Mr Myles Ongoh, Assistant Director, Livelihood Empowerment Against Poverty (LEAP) programme has said internal auditing is a game-changer to strengthening the social accountability processes to safeguard the public purse.
He said internal audit value addition imbued with capacity skills building sharpens the alertness of officials to sniff malfeasance several kilometres away.
Mr Ongoh disclosed these in a workshop to boost the skills of officials of LEAP Management Secretariat, staff of the Ministry of Gender, Children and Social Protection and officials of the Department of Social Welfare on internal auditing practices in Ho.
The workshop is therefore a pre-emptive measure to build the capacity of its staff to be one-step ahead audit adversaries and malfeasance.
He said the nuances of understanding audit was crucial in safeguarding financial releases saying if benchmarks are unavailable to track or serve as a checklist, many malfeasance was likely to be perpetuated to defeat the import of the programme.
The Assistant Director said social accountability is critical to ensuring that staff work in accordance with the law.
Mr Ongoh said some 334,000 households translating into 1.4 million individuals are benefitting from the programme, who receive a monthly stipend for their upkeep.
He said LEAP is grateful to be collaborating with the Internal Audit Agency establishment to sharpen the skills of its workers adding ''monies entrusted to our care would be judiciously expended for the purpose.''
Mr Samuel Gyekye-Mensah, Acting Director, Technical Planning, Monitoring and Evaluation of the Internal Audit Agency (IAA) said his outfit is mandated by the Internal Audit ACT (658) of 2003 to support public sector institutions to build capacity to ensure effective internal audit practice and coordinating quality assurance for audit practice.
He said this it does through institutional support for effective systems for risk management in compliance with section 7.2 of the Public Financial Management ACT (921).
Mr Lateef Mamudu, Internal Auditor of the LEAP said the Programme provides cash and health insurance to extremely poor households across the country to alleviate short-term poverty and encourage long-term human capital development.

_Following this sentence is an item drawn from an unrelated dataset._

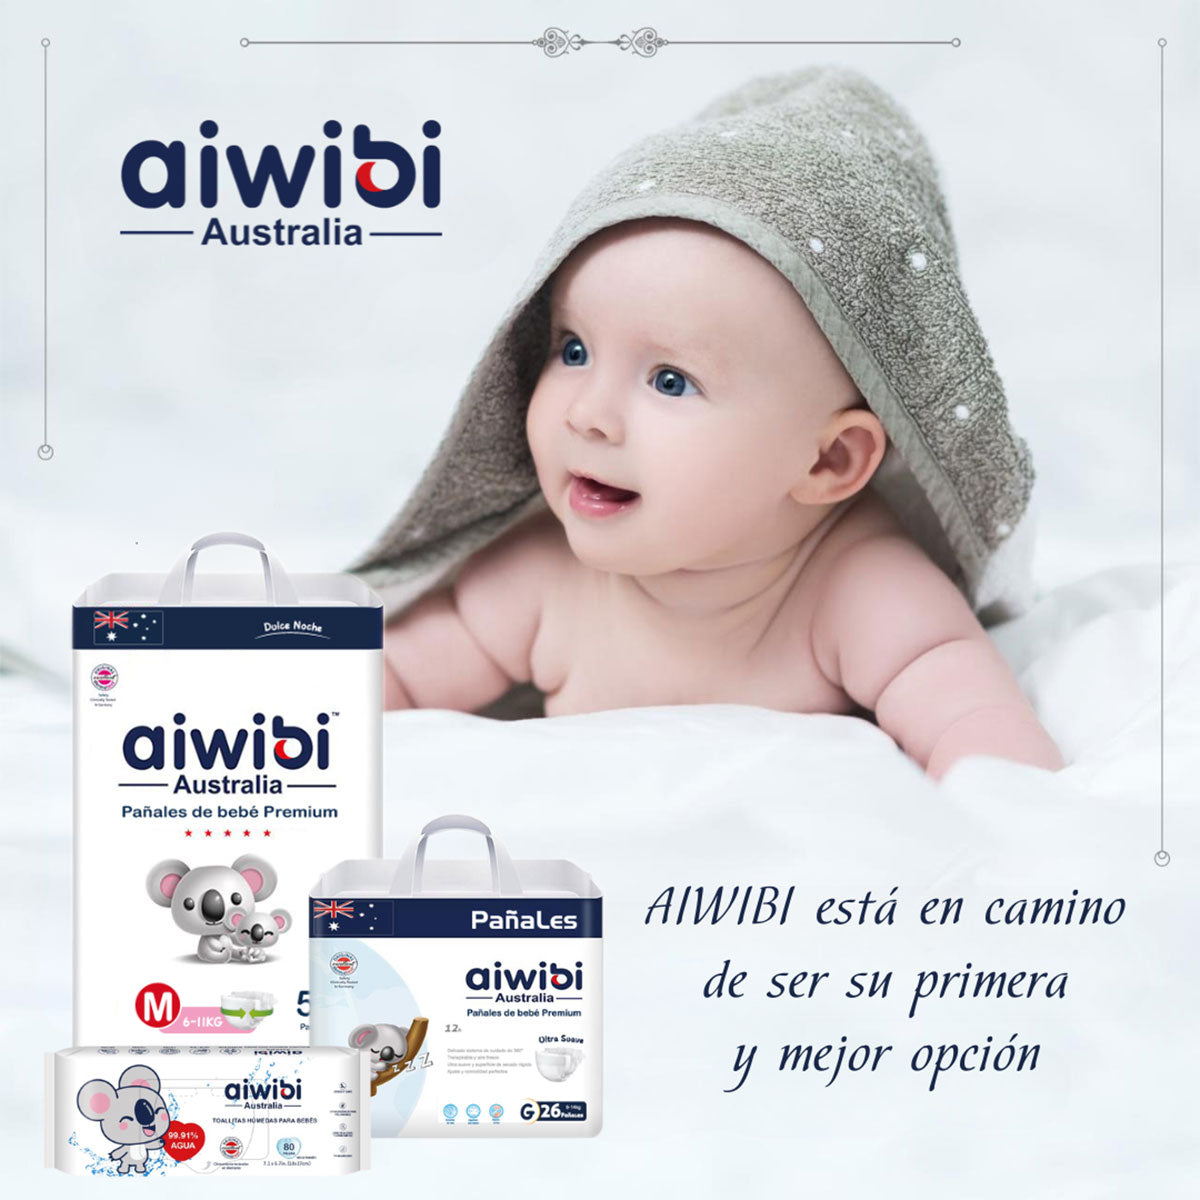 Pañales Aiwibi Premium Dulce Noche XG (42 unidades) - 🇦🇺 Producto Australiano

He said the training would engender basic understanding of tools needed to fast-track competence in enterprise risk management and make outcomes of audit systems pass the test of time.
Topics to be discussed for the five-day training include enterprise risk management, public financial management, soft skills negotiation, and internal audit value addition and action plan preparation.
LEAP is a form of social protection that involves a non-contributory direct cash transfer to a beneficiary that seeks to reduce poverty by smoothening consumption and promoting access to services and opportunities among extremely poor and vulnerable households in the country.
Its objective is to increase access to health, improve basic school enrolment, attendance and retention and facilitate access to complimentary services.
LEAP takes care of orphans and vulnerable children, the elderly without support, persons with disabilities without productive capacity and extremely poor pregnant women and lactating mothers with children under one year.